*THE DATA*
------------------------------------------------------------
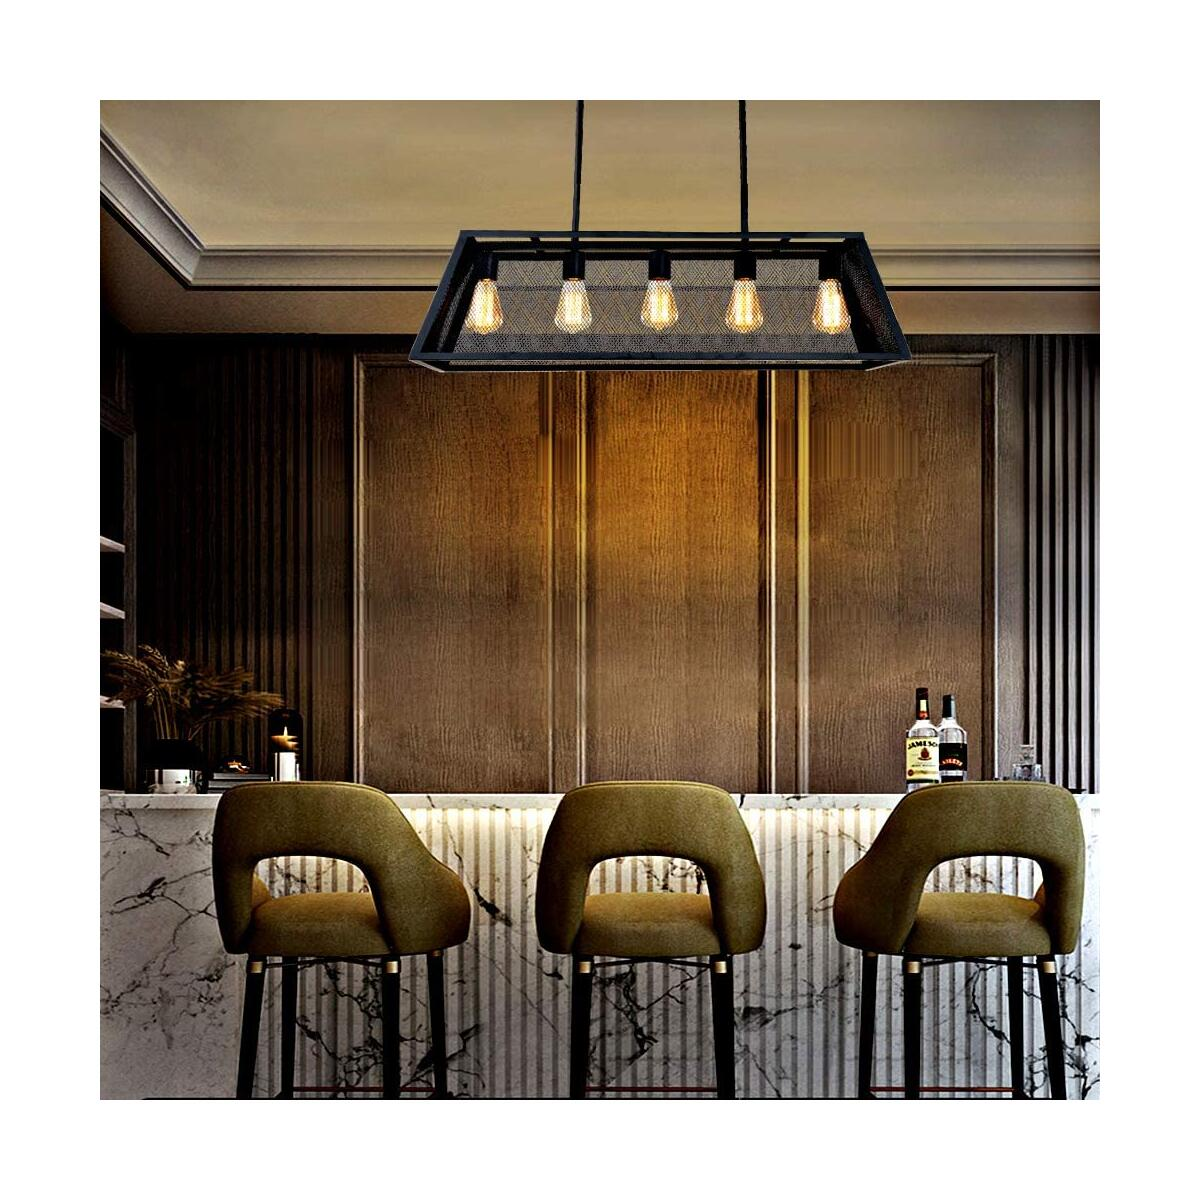 Farmhouse Kitchen Island Lighting Industrial Dining Room Light, 31.5'' Matte Black 5-Light Linear Chandeliers Mesh Net Ceiling Hanging Light Metal Finish, Pool Table Pendant Light Fixture
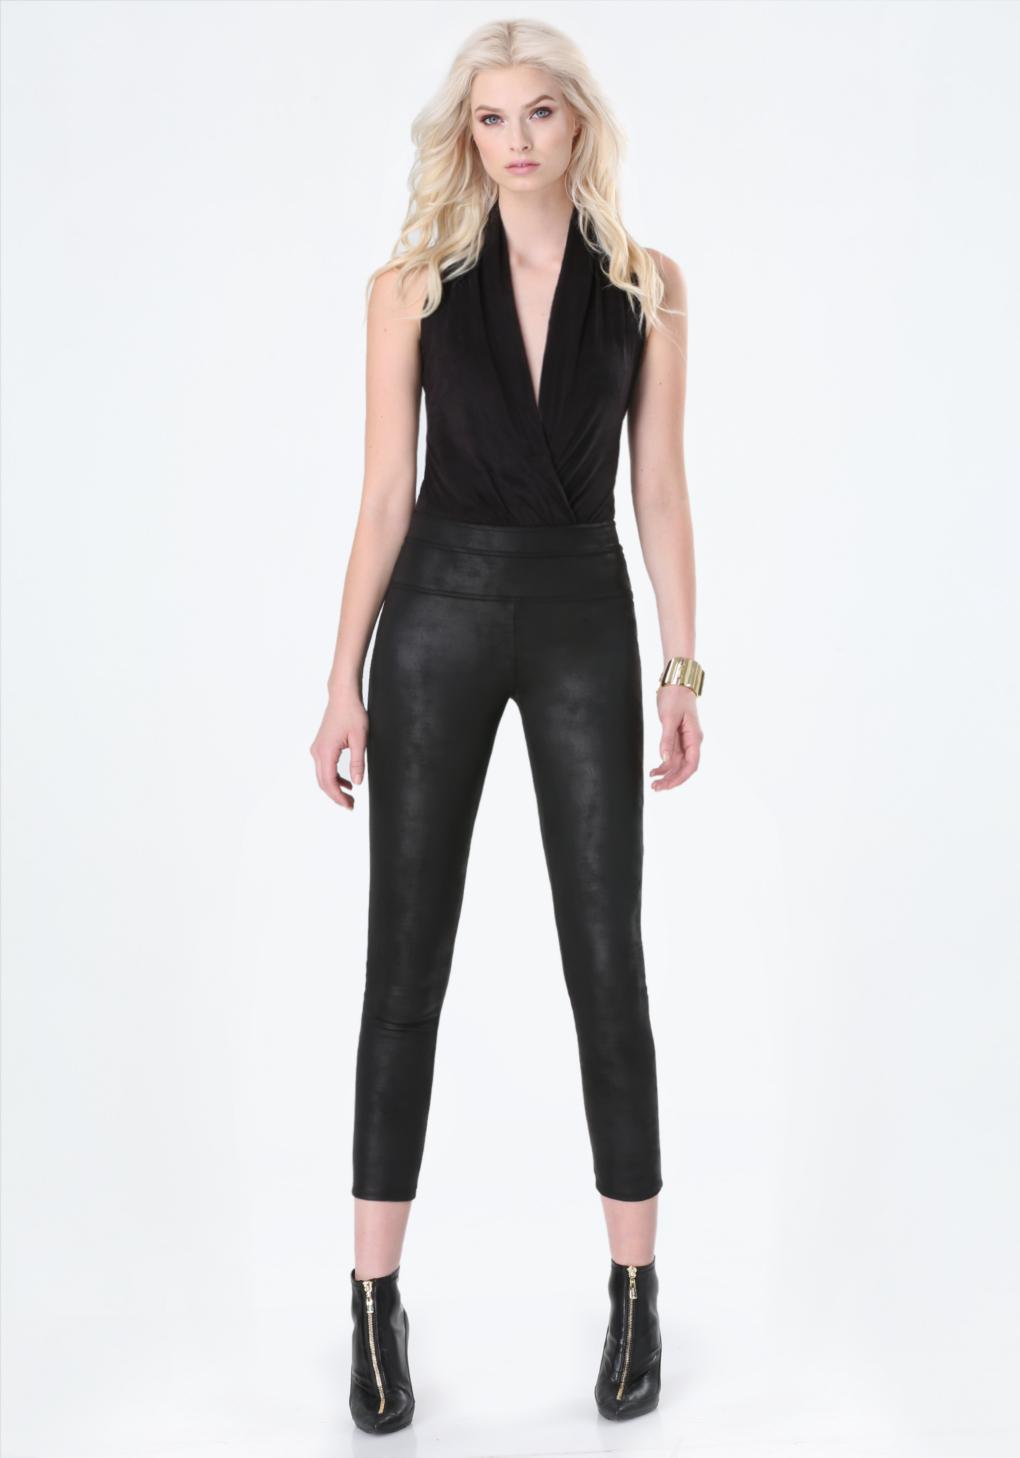 Lyst - Bebe Faux Suede Bodysuit in Black 3c9cd5fae
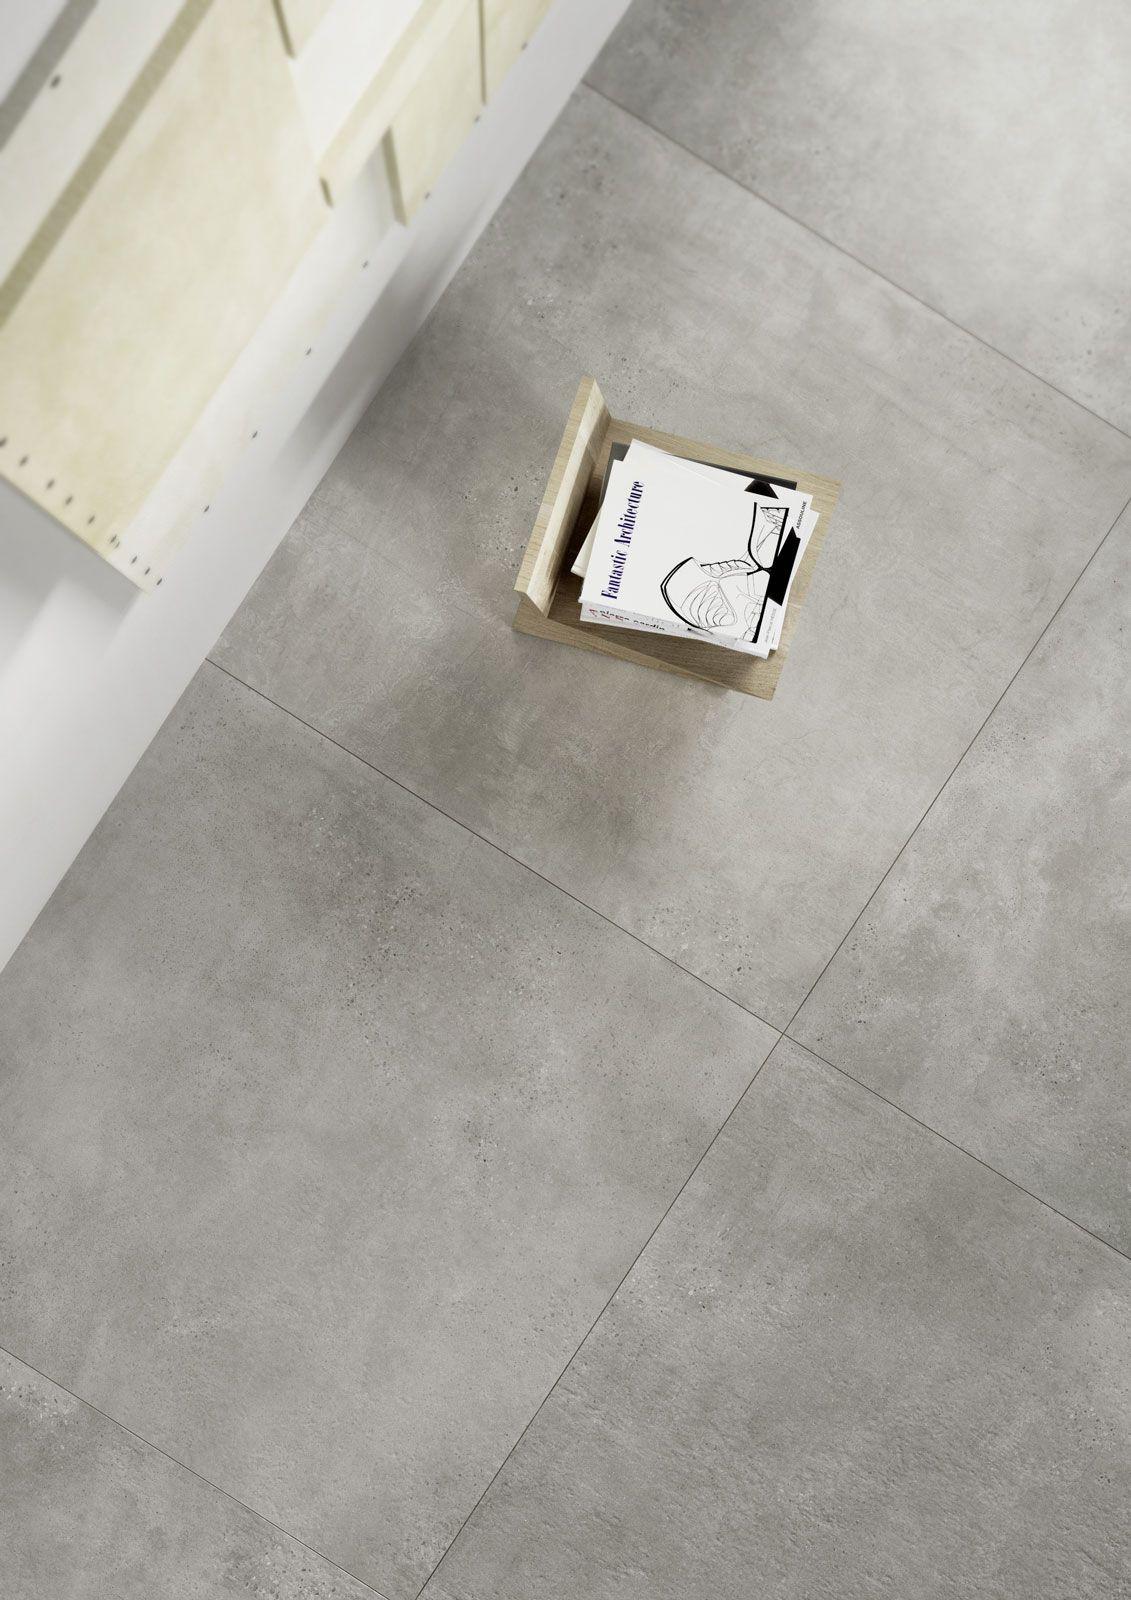 Xlstreet azulejos de cer mica marazzi 7191 lavabo - Suelo de ceramica ...
------------------------------------------------------------
Return all the material exactly, skipping pictures.

 Farmhouse Kitchen Island Lighting Industrial Dining Room Light, 31.5'' Matte Black 5-Light Linear Chandeliers Mesh Net Ceiling Hanging Light Metal Finish, Pool Table Pendant Light Fixture
 Lyst - Bebe Faux Suede Bodysuit in Black 3c9cd5fae
 Xlstreet azulejos de cer mica marazzi 7191 lavabo - Suelo de ceramica ...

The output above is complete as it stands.